In truth, the facility at Arak is years away from becoming operational and no decision has been made (nor is it likely ever to be made) by the Iranian leadership to weaponize its civilian nuclear program, thereby making any such predictions totally irrelevant.

Earlier this year, the Telegraph, Associated Press and Reuters all published nearly identical reports on the potential of the heavy-water plant at Arak becoming a proliferation risk and raising the possibility of an Israeli attack. For instance, an anonymous "Western diplomat in Vienna" told Reuters in early June, "The concern about that plutonium route and the Arak site has got much stronger. I think it is another red line."

Unsurprisingly, none of the reports amounted to anything but hysteria. The Telegraph's report, from February 26, 2013, even admitted (far down towards the end of its report) that Iran "still lacks the technology to reprocess plutonium and use it for a weapon."

It also featured Mark Fitzpatrick - think tank pundit and permanent fixture in mainstream media articles on the Iranian nuclear program - warning that any attack on Arak would have to occur before it becomes operational due to the catastrophic consequences of bombing an active nuclear facility. Because "the option of a military strike on an operating reactor would present enormous complications because of the radiation that would be spread," Fitzpatrick told the Telegraph, "Some think Israel's red line for military action is before Arak comes online."

Similarly, in the new Wall Street Journal incarnation, Solomon writes, "Any Israeli strike on the reactor complex, said current and former U.S. officials, would likely have to take place before Tehran introduces nuclear materials into the facility, because of the potential for a vast environmental disaster a strike could cause."

What breaking news!

Buried at the end of this latest propaganda piece, after myriad misleading statements about UN Security Council resolutions, Israeli military capabilities, and Iranian obligations under international law, Solomon quotes go-to nuclear alarmist Olli Heinonen, a former high-level IAEA official, as saying, "There is a good possibility that [the reactor] can reach its first nuclear criticality by the end of 2014."

"However," Heinonen adds, in a conclusion that undermines the entire tenor and tone of Solomon's article up to that point, "no significant quantity of plutonium should be available for actual extraction before 2016."

Beyond this, Solomon cites "U.N. officials" (whatever that means) as claiming that Iran has "significantly restricted the IAEA's ability to inspect the reactor and its development plans." He deliberately omits this tidbit of information, reported by Bloomberg News back on June 6, 2013: "Iran encouraged United Nations nuclear monitors to use powerful new detection technologies to dispel international concern that the Persian Gulf country is seeking to build atomic weapons."

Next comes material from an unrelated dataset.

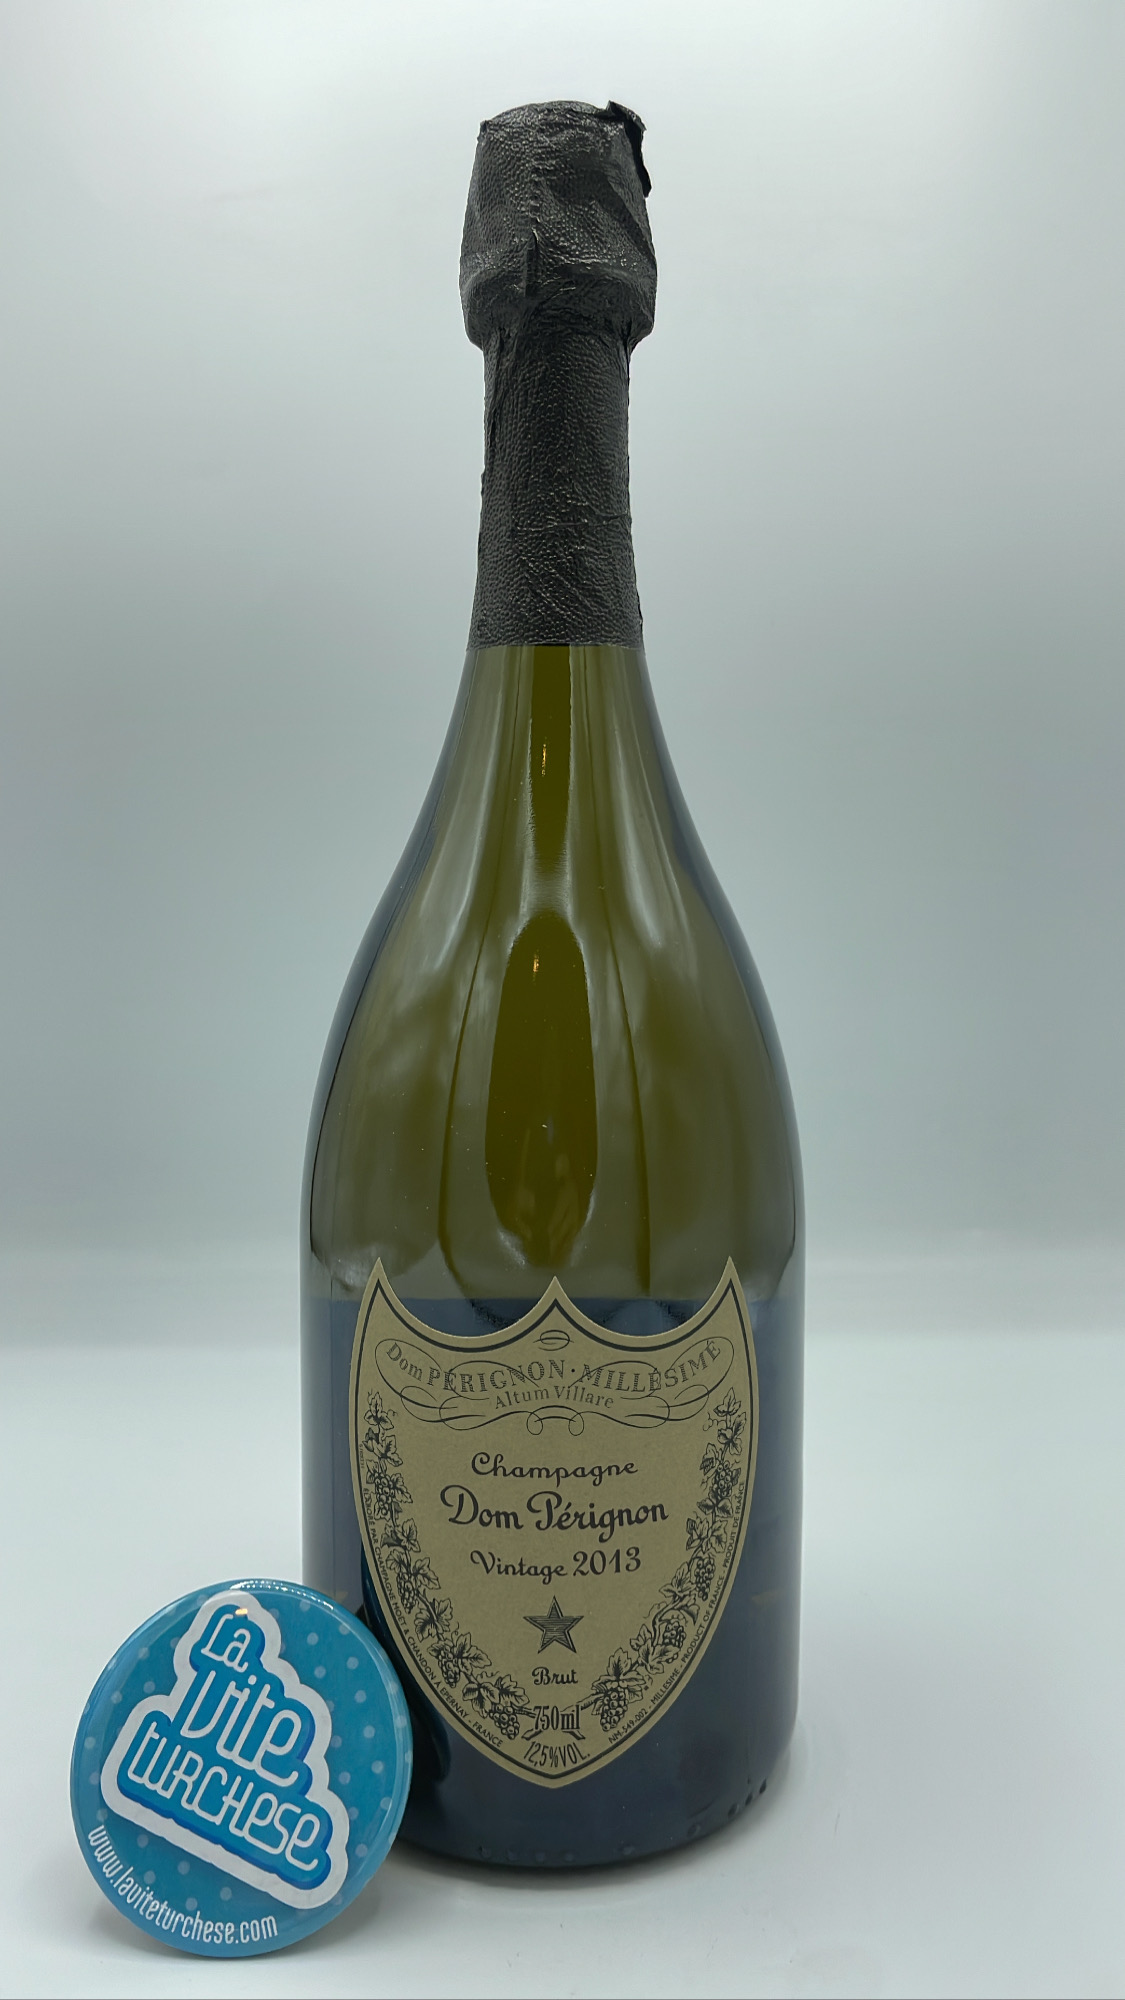 Dom Pérignon - La Turchese - Brut vite - Champagne Vintage 2013

"We always welcome the agency to have more sophisticated equipment, to have more accuracy in their measurements, so that technical matters will not be politicized," Iranian Ambassador to the IAEA Ali Asghar Soltanieh told the press in Vienna at the time, adding that Iran "won't object to IAEA monitors using new technologies to determine whether plutonium is being extracted from spent fuel at its new reactor in Arak."

Solomon's report, which surely will be seized upon by an endless parade of disingenuous warmongers and professional liars as proof that Iran must be bombed posthaste, is as embarrassingly transparent as they come.